In a way, this is no different from car customization shops. The basic
structure is sound, well-engineered and unchanged, but the cosmetics are
personal. And it's much cheaper than buying a fully custom-made car.

------
jaclaz
Anecdata, there was a market show in Milan years ago (maybe there still is)
called Eurocucina (Eurokitchen), and a friend of mine in the business
/designer furniture salesman) referred to it as Euroantina (Eurocabinetdoor,
it doesn't sound good translated, but it rhymes in Italian) as he - knowing
the actual manufacturers/brands knew that the base cabinet was always the same
(additionally often physically made in the same factory) and the difference
(year vs. year and brand vs. brand) were just the "custom" cabinet doors and
tops.

------
Gravityloss
It's not that hard to buy wood, use a saw and a drill and build something. It
is very cheap and potentially even a lot better than the original.

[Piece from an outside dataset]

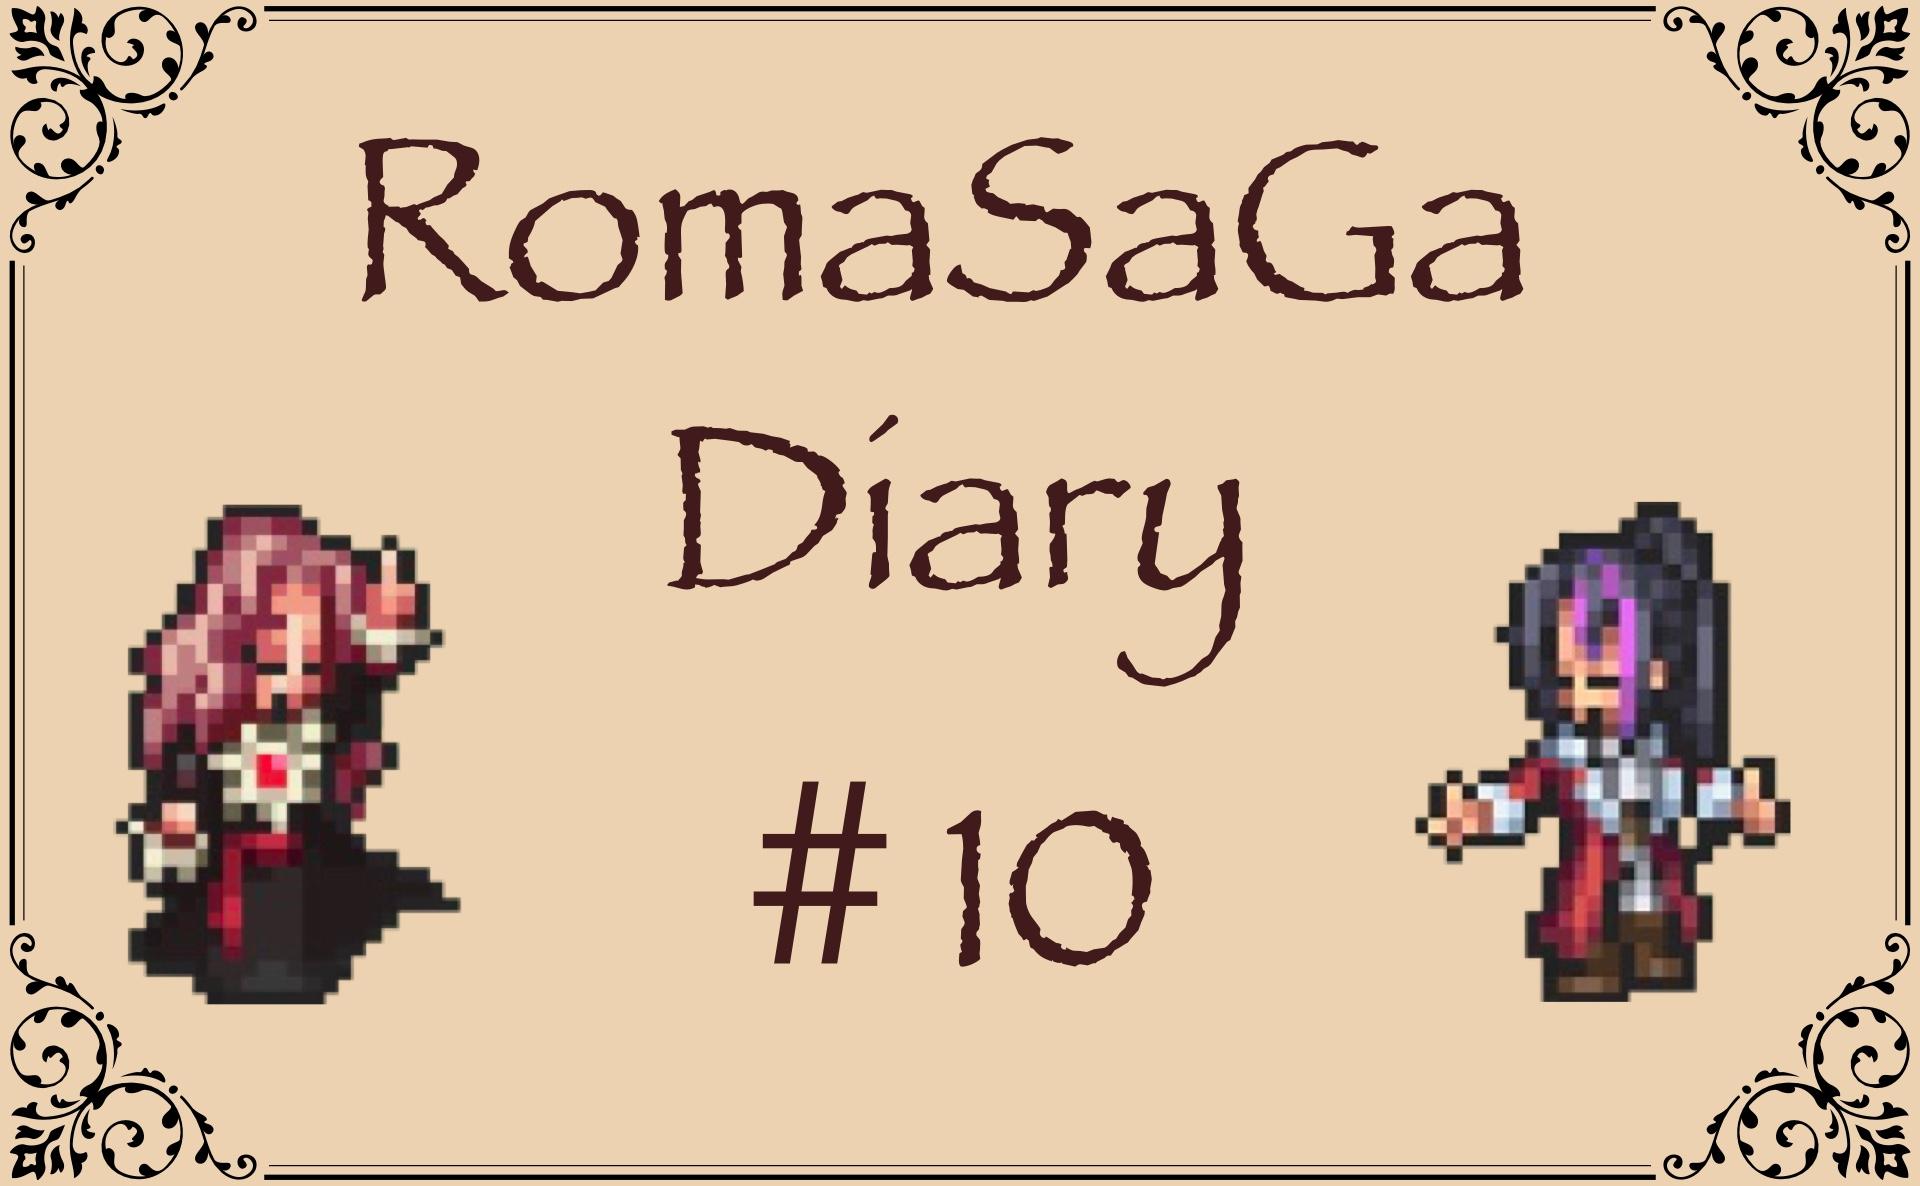 ロマサガDiary#10

Look at this: [http://www.ikeahackers.net/2017/09/hackers-help-luroy-
slats-...](http://www.ikeahackers.net/2017/09/hackers-help-luroy-slats-
norddal-bed.html)

Somebody had two broken slats in a bed, and it's natural for them to look at
"hacking it" by using some slats from another product of the same brand. All
fine. But in the end the solution in the thread is a bit different: buy some
pieces of wood and just saw them.

The vendor of course probably would like them to throw away the whole product
and buy a new one. Those slats look very thin. I've never experienced broken
slats in a bed, so I'd be suspicious of the quality but who knows, maybe they
were sturdy and the user did something wrong.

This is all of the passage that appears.